With the growth of music streaming services, the collection and distribution of royalties in the music business have become more complicated and opaque. For example, every time a song is played online or in the background of a TV show, the distributor must compensate the copyright owner of the music—but there may be disputes over the accuracy and compensation rate of such royalties.

A smart contract built on the blockchain and attached to a given music can increase the accuracy, speed, and trust of the process by automatically executing contract terms between eligible parties. This will allow more accurate tracking of song usage, faster royalty payments, transparency of contract terms, and income distribution between artists and other stakeholders. It may also undermine or eliminate the role of copyright collection societies, which currently act as central intermediaries in charging rights holders.

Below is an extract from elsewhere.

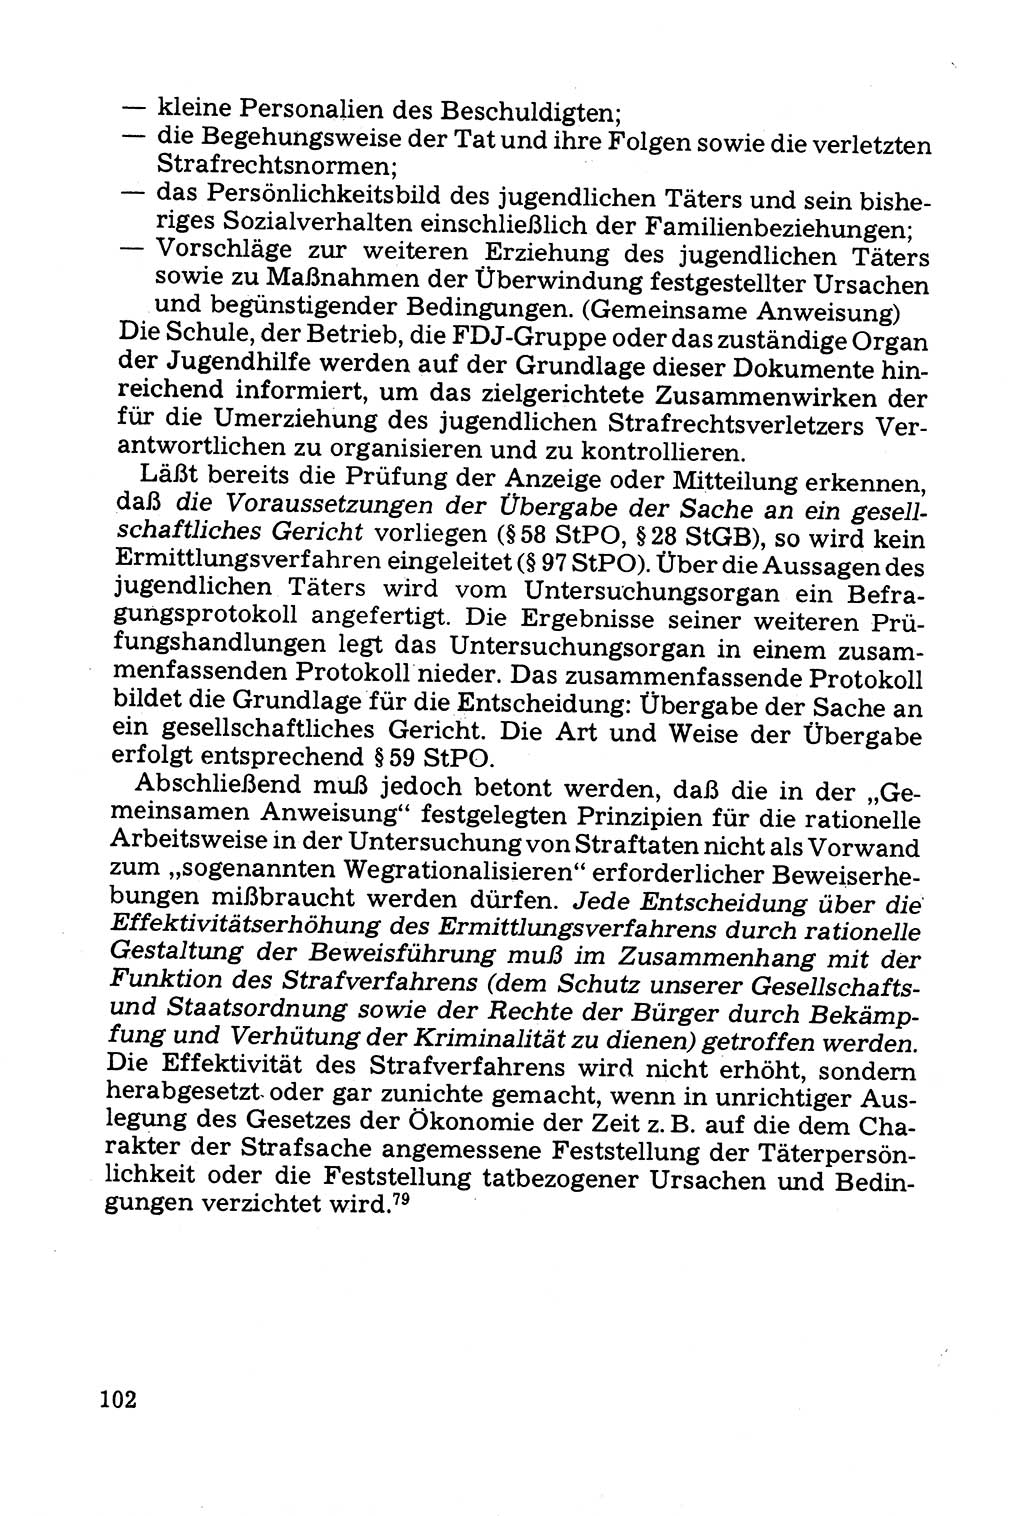 Grundfragen der Beweisführung im Ermittlungsverfahren [Deutsche Demokratische Republik (DDR)] 1980, Seite 102 (Bws.-Fhrg. EV DDR 1980, S. 102)

Consumer-to-consumer sales

As with enhanced tracking of music use, blockchain can enable other types of content owners to better monitor their copyrighted materials. Illegal peer-to-peer file sharing of TV shows, movies, or other content is already common, but file sharing may become a legal practice that can be controlled and monetized. When consumers buy or subscribe to blockchain-hosted content and then share it with friends, content owners can track the distribution and charge a fee. This will create an additional source of income for content creators and provide better transparency in how to use and share copyright-protected assets.

10. Real estate

Some enterprise versions of Ethereum (company customization) can realize the digitization of assets and financial instruments. This enhances the decentralization of ownership, expands access to global markets, increases liquidity, and democratizes access to real estate investment opportunities.

But why is the blockchain ready to provide such important support to the real estate industry? First, by using distributed ledger technology (DLT), it increases trust by increasing transparency. In the real estate field, trust in websites, agencies, and listings is essential. Blockchain also speeds up the contract process, saving time and reducing costs.

Because the daily volume of real estate transactions is so large, a common lease and purchase database is needed more than ever. Blockchain can provide. Upgrading the traditional multiple listing service (MLS) database to a blockchain-based database will create a more transparent ledger system where brokers and agents can view the entire transaction history of the property. The inherent trust system of blockchain makes it an ideal technology for real estate. Real estate companies around the world are using blockchain’s smart contracts and ledger functions to transparently and effectively promote leasing, purchase, investment and even lending.